Make `magrittr`'s __pipe__ accessible from notebook. Pipes enable clear expression of a sequence of multiple operations.

In [None]:
"%>%" <- magrittr::`%>%`

Identify the __project directory__. All paths in the code are relative to it.

In [None]:
project_dir <- rprojroot::find_root(rprojroot::has_file("DESCRIPTION"))

Define the __name of the notebook__ (`notebook_name`). It is used to save notebook output to a notebook-specific directory.

In [None]:
notebook_name <- "parameter_and_model_recovery"

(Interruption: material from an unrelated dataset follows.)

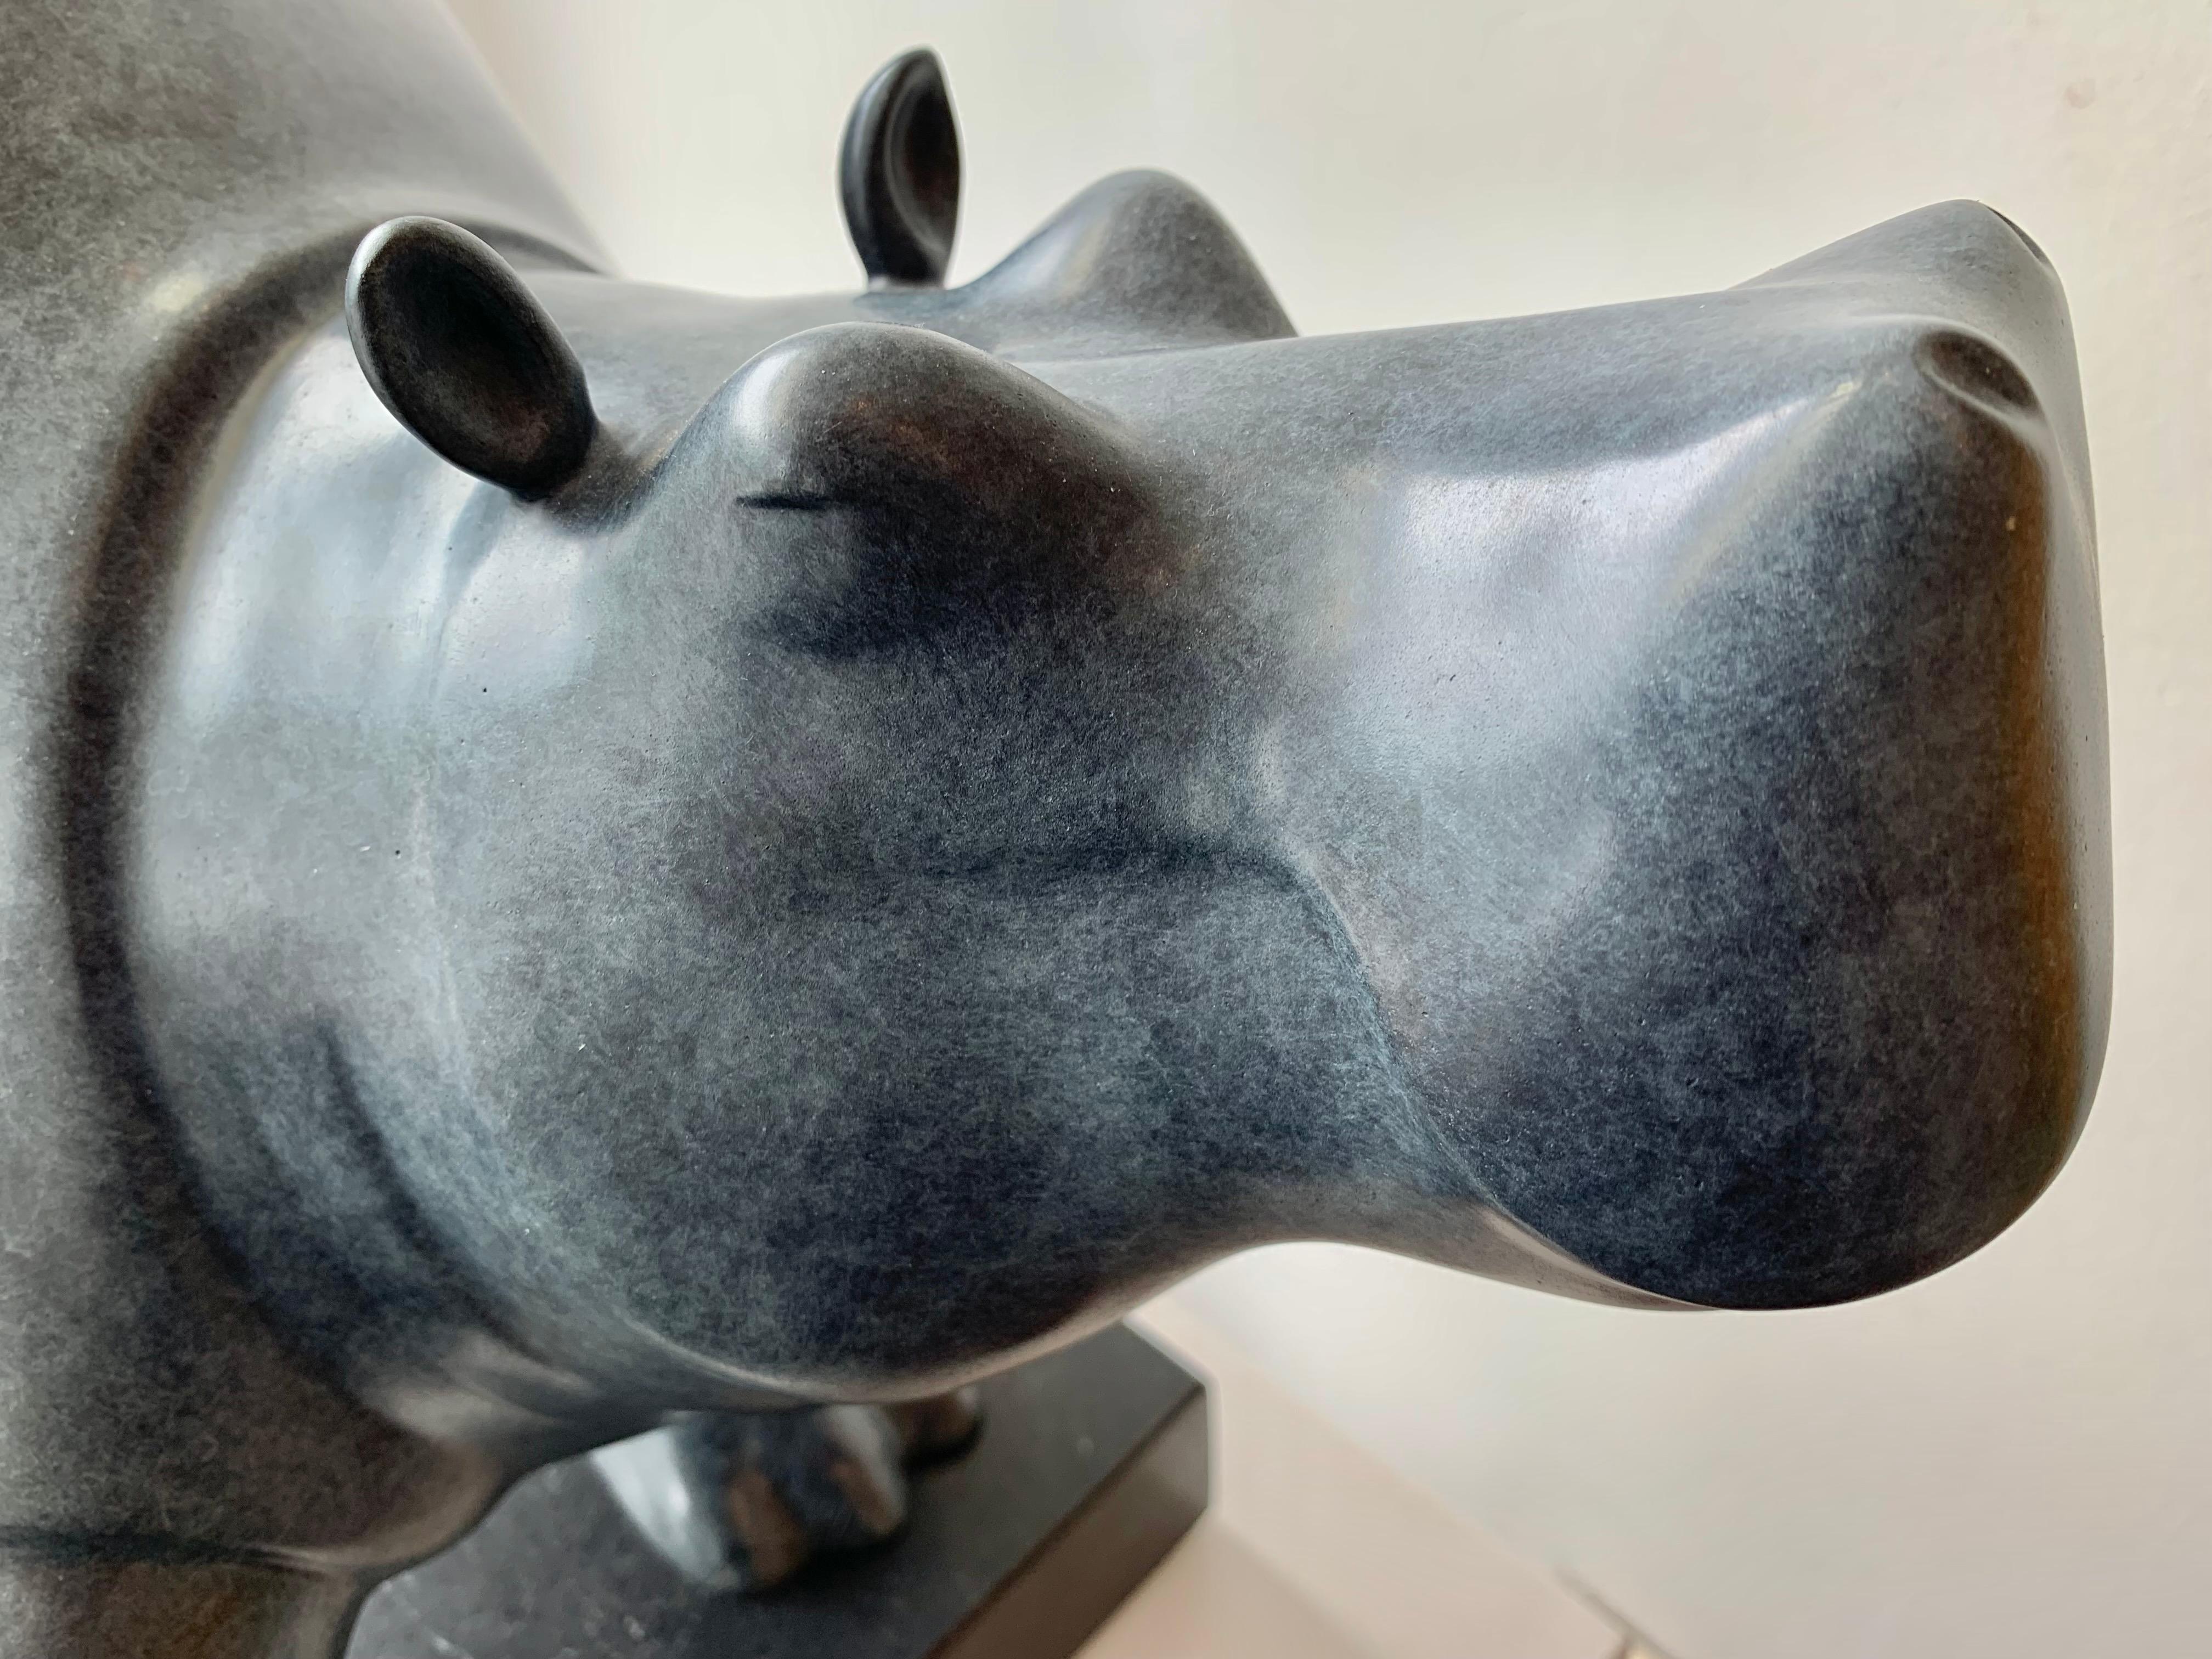 Dansende Hippo (Tanzendes Nilpferd) Bronze Figurative Tierskulptur Vorrätig

Evert den Hartog (geboren 1949 in Groot-Ammers, Niederlande) absolvierte eine Ausbildung zum Bildhauer an der Rotterdamer Akademie der Bildenden Künste. In den Jahren

Define some output directories and verify their existence. Optimization statistics obtained in this notebook will be written to a notebook-specific directory inside `optimizations_dir`. If directories do not exist, they are created.

In [None]:
optimizations_dir <- file.path(project_dir,"data","optimizations")
synthetic_data_dir <- file.path(project_dir,"data","simulations", "simulate_synthetic_data_for_parameter_and_model_recovery") 
itchmodel::verify_output_dirs(base_dirs = list(optimizations_dir),
                              notebook_name = notebook_name)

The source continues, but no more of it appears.